LaValle's introduction was interesting reading. He discussing finding and enjoying Lovecraft's as a ten year old only to realize at 15 that as a young black man he could not accept the racism in Lovecraft's writing. It is a perfectly understandable reaction. I did want to quote one passage from the introduction because I think it frames my experience with genre literature and why I think I still read science fiction, weird tales, Sherlock Holmes related works and the like. "Ten year old me was here for all of it: the high anxiety, waves of madness, and the terror of human insignificance. Certain writers must be encountered at a young age or else their spell will never be cast properly. Some people would say this is because an older reader has matured out of the appeal such pulp provides, but I call bullshit on that. Instead, I would say that as a child the aperture of your imagination is wide open. In adulthood we call its closure "maturity" but it hardly seems like a triumph to me. Instead, I try to embrace the bravery of such openness...," (xii) I am also trying to retain this openness since it is still the source of much of my joy, whether it is in the literature I read, my experience of the natural world or the observations we share with each other during a quiet walk or meal out with my wife. 

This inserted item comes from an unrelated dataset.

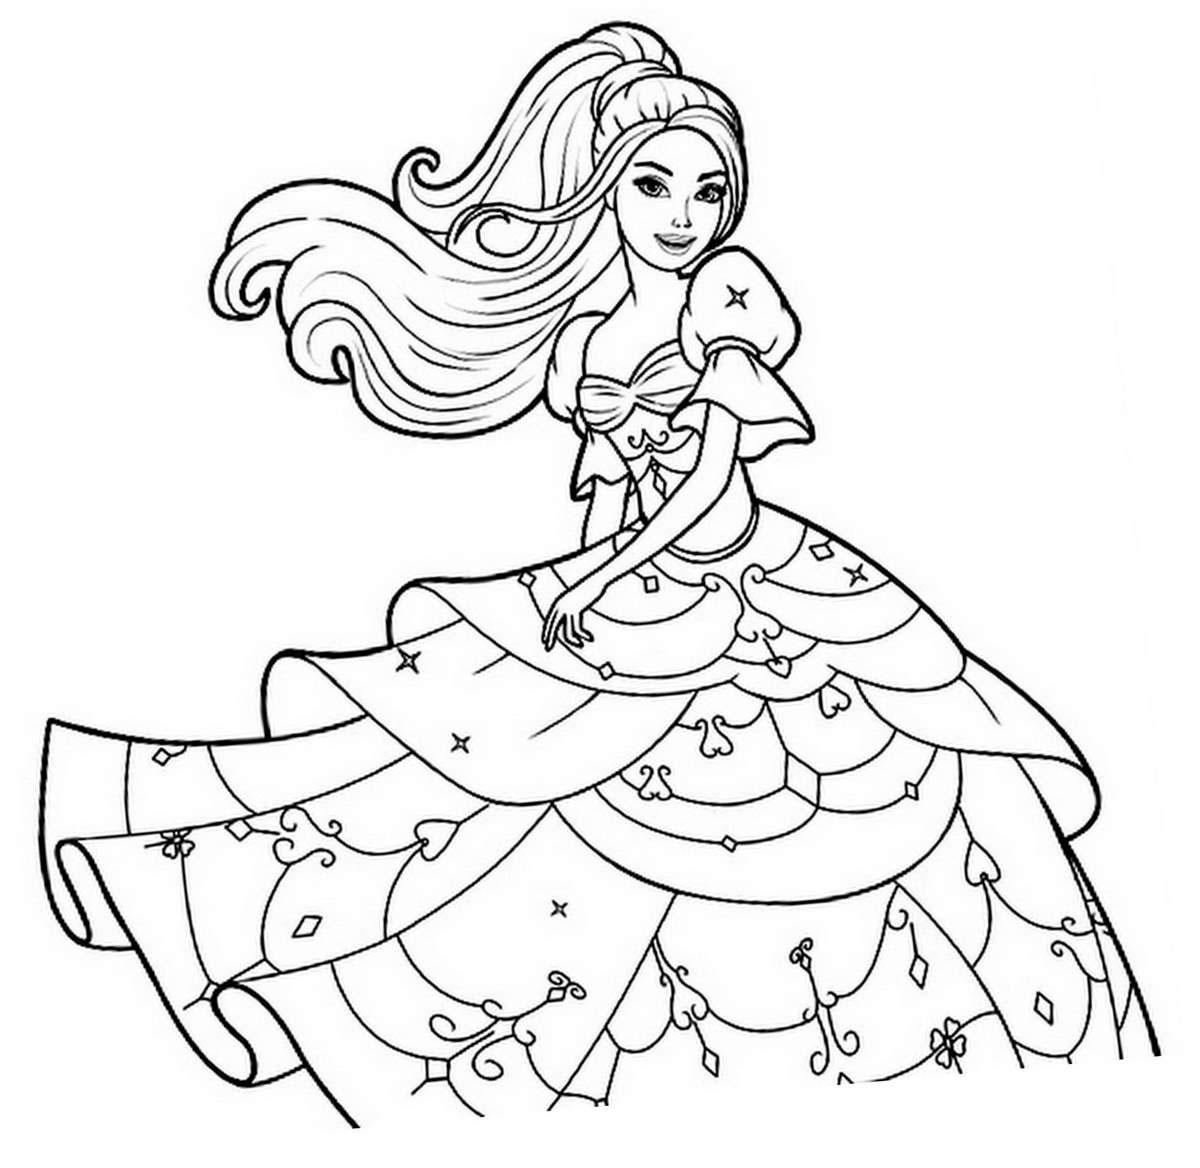 Coloriage - Images Et Dessins » Vacances - Arts- Guides Voyages avec Coloriage Dora Princesse

I have shared my own thoughts on Lovecraft's racism here.

https://dunwichhorrors.blogspot.com/2016/03/the-real-shadow-over-innsmouth-odd.html

Now to the book itself. One; the cover illustration, Jacket design Steve Attardo, Jacket Art by Christina Mrozik, is one of the most striking covers based on one of Lovecraft;'s stories I have ever seen. Rats and cats, does it get better. Last night I read "The Outsider" and the accompanying annotations. I found Klinger's annotations helpful, the ones I liked were those that referred to other work that could be seen as related to this story, a poem by Hawthorne for example. But some of the most interesting referred me to critical interpretations of Lovecraft's story. I could see both types as rekindling my interest in new works in the canon and also items within my own collection that I want to revisit.